My protagonist receives this whistle as a token of gratitude from a hermit she's rescued from Velociraptors. She doesn't believe it has any practical use at first, but once she confronts the T. Rex in the story's climax, she ends up having to use it as a last resort.


----------



## Terry Greer (Jul 17, 2014)

As CupofJoe says a low frequency device would need to be large - otherwise it couldn't produce the waveform.

But why not a high pitched? I like the whistle idea and high pitched sounds are painful - and small devices can create those.

It might be corny but an Ocarina like device, which is basically a bulbous whistle, might be good.
Alternatively maybee its a slide whistle? I forget what they're called -with a plunger you move to change the frequency. So you have to also manipulate it to get the exact frequency you need? (Maybe different frequencies have different affects or affect different species?)


----------



## mowque (Jul 17, 2014)

A string instrument would be best if you really want results. Something you can hang around you neck is never really going to get very low, just by the nature of sound.

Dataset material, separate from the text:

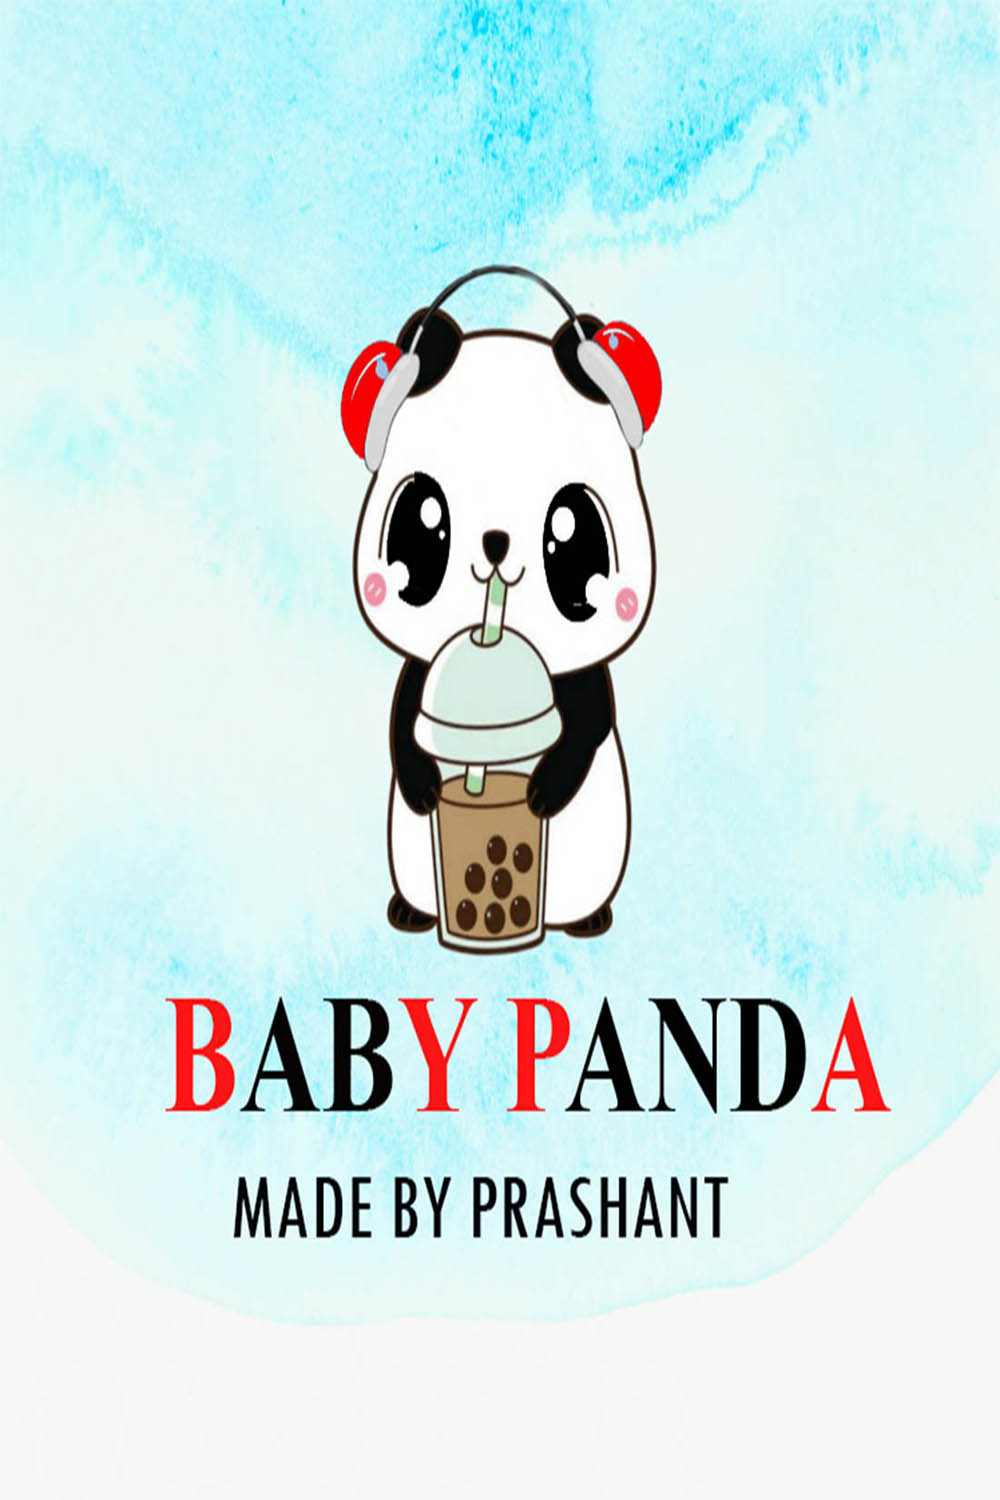 Baby Panda Logo Design pinterest image.

The following link has a video of the lowest instrument in real life. 

Octobass: The lowest-playing musical instrument ever | 22 Words


----------



## Jabrosky (Jul 17, 2014)

Terry Greer said:


> As CupofJoe says a low frequency device would need to be large - otherwise it couldn't produce the waveform.
> 
> But why not a high pitched? I like the whistle idea and high pitched sounds are painful - and small devices can create those.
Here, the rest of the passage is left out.